Planetary formation begins before stellar maturity

Planetary formation begins before stellar maturity

The European team of astronomers revealed that dust particles around the star were already coagulating before the star itself fully grows. The growth of dust particles is the first step in planetary formation.

In recent years, scientists have begun to notice a multitude of planetary systems around foreign stars. Almost every star has at least one planet, so researchers are interested in how they are formed and how the process affects planetary diversity in size and massiveness. The results of the last study show that the creation of planets begins early in the process of star formation.

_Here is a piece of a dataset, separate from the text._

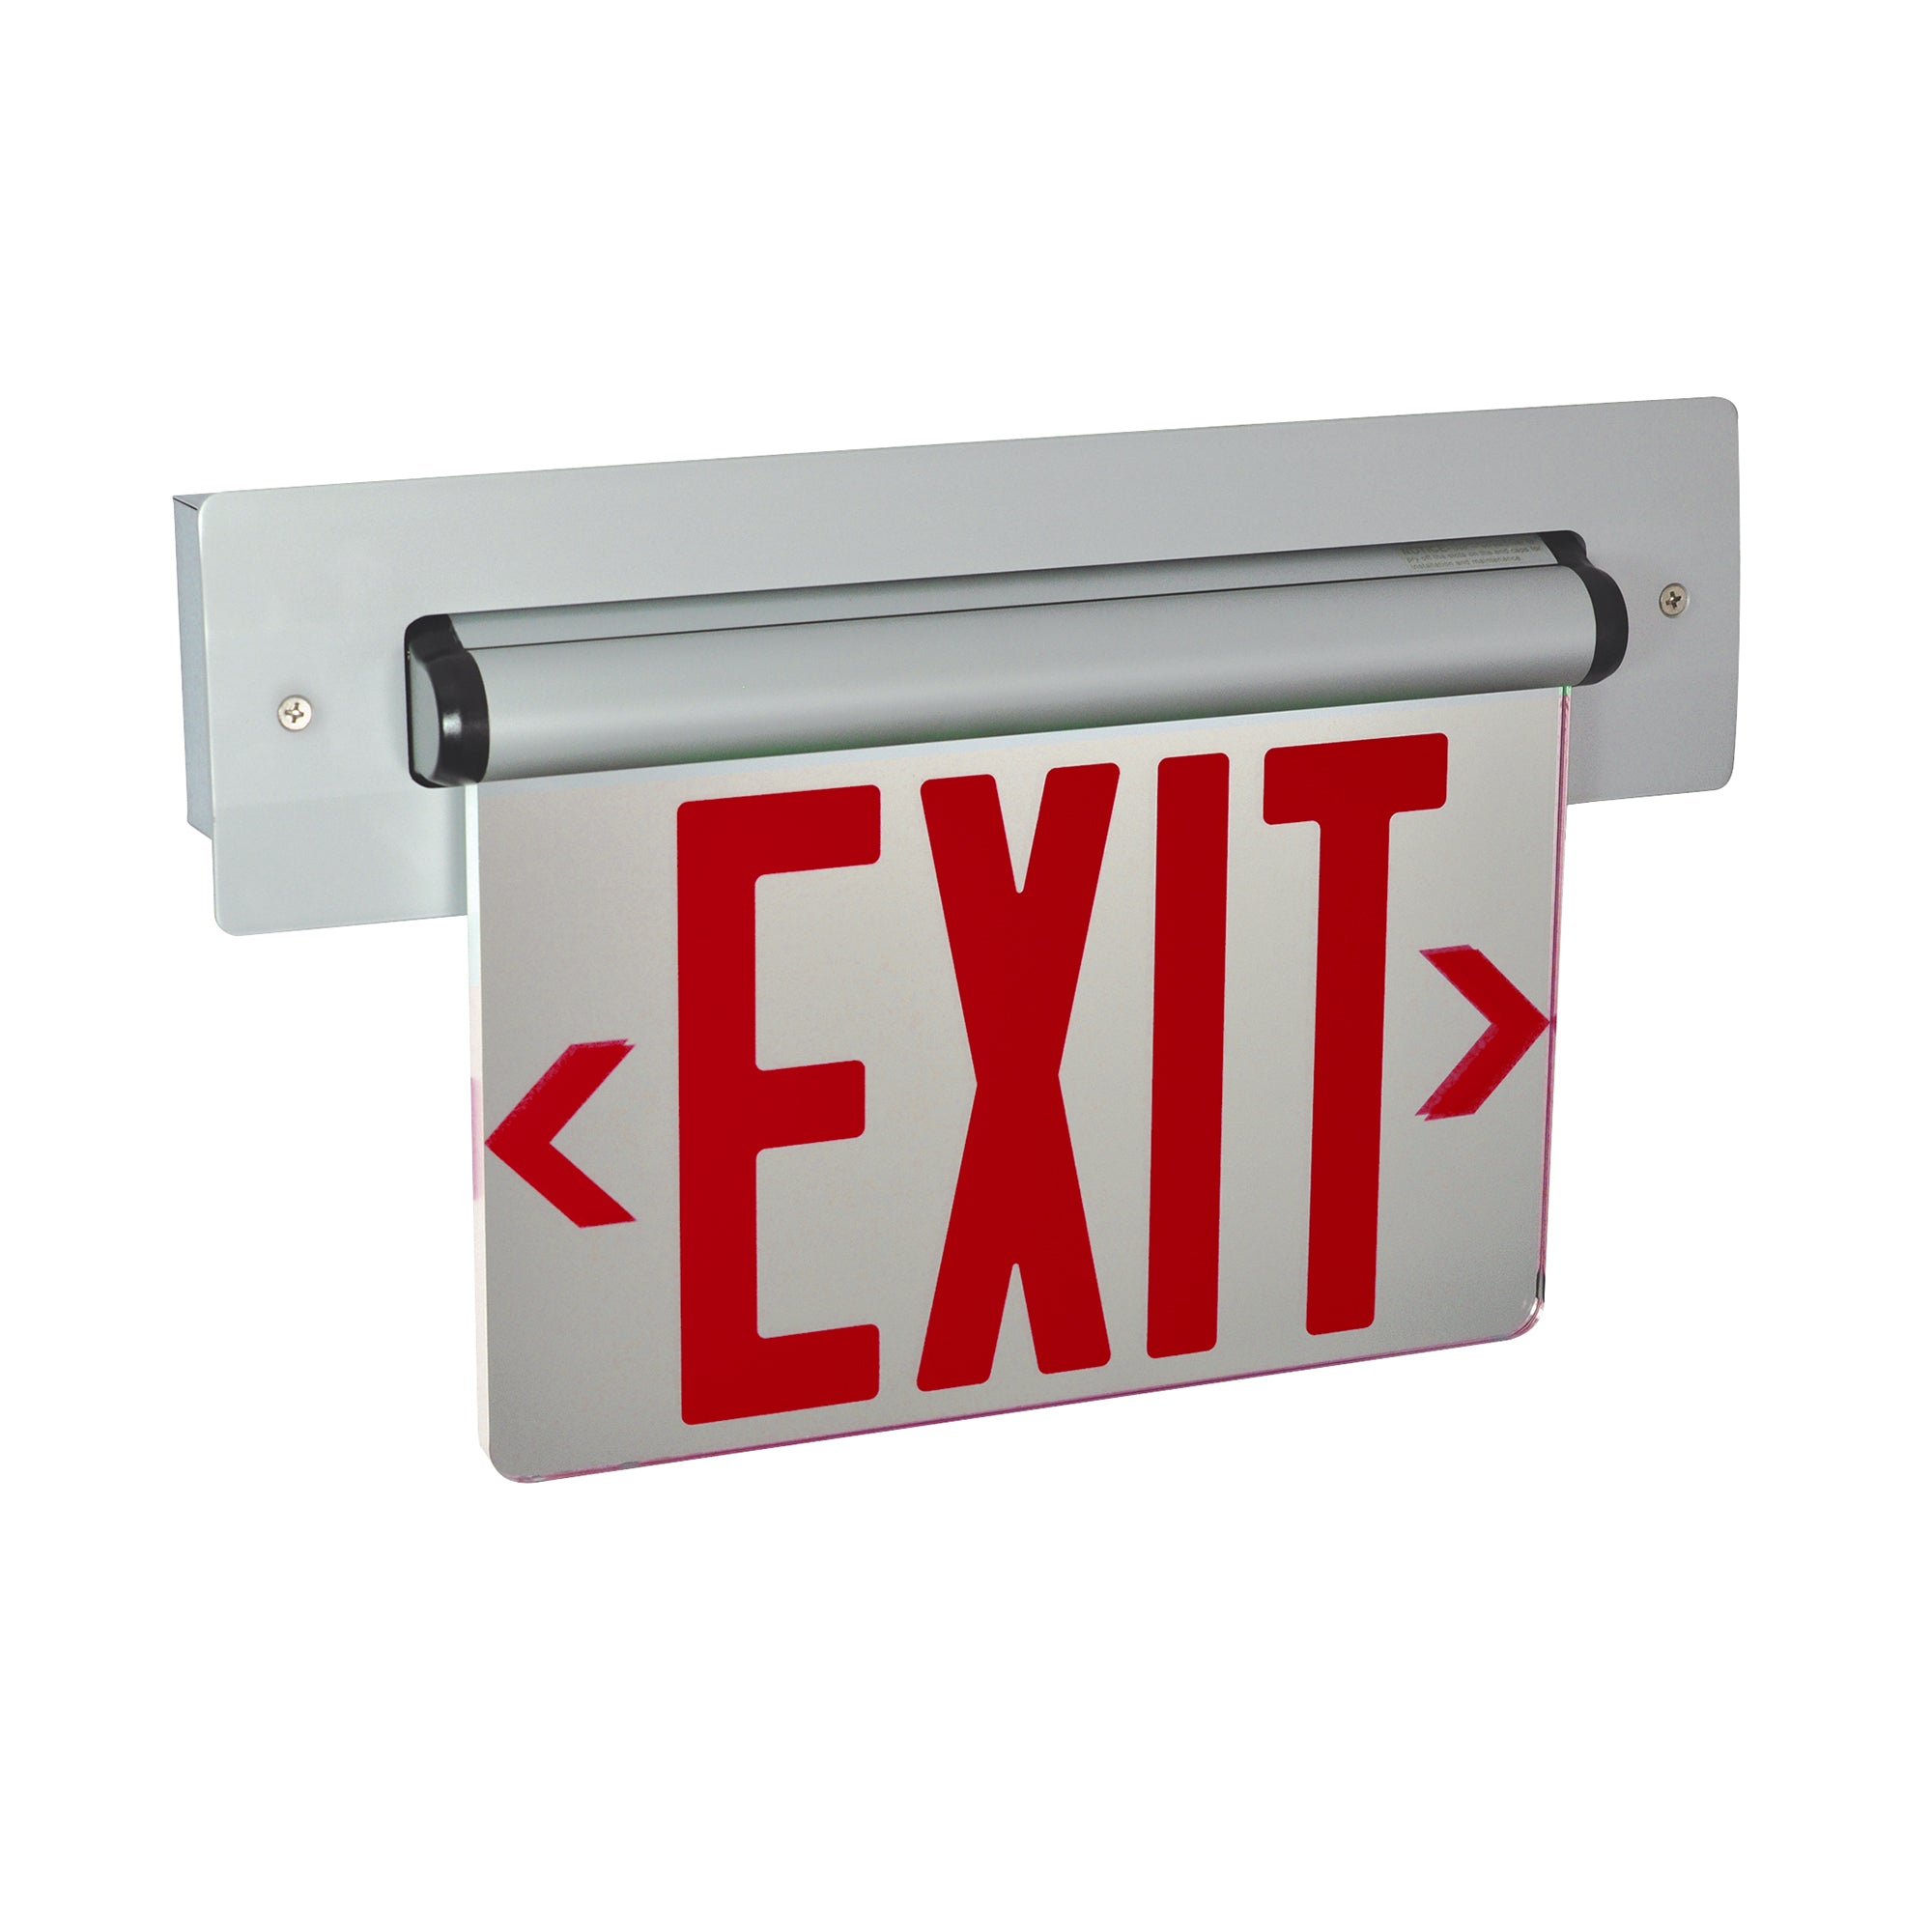 Nora Lighting NX-813-LEDR2MW - Exit / Emergency - Recessed Adjustable LED Edge-Lit Exit Sign, AC Only, 6 Inch Red Letters, Double Face / Mirrored Acrylic, White Housing

For observations used array ALMA (Chile). This is a collection of 66 combined radio telescopes located within a radius of 16 km in the Atacama Desert. The researchers followed the still-developing star TMC1A in the constellation Taurus. It was possible to see a striking absence of carbon monoxide radiation in the disk-shaped region near the star. Using numerical models, scientists have demonstrated that the dust particles in the young protoplanetary disk probably grew from 1/1000 mm to 1 mm. The results indicate that the planets are beginning to emerge at a time when the star is still developing (from half to three quarters of its final mass). The early growth of dust grains can explain the formation of giant planets like Jupiter or Saturn. Only in the early protoplanetary disks there is enough mass to create such large objects.

In the future, researchers plan in a similar way to look for control signs of the formation of planets around other protostars. As a result, it will turn out to get more information about the process of planetary creation.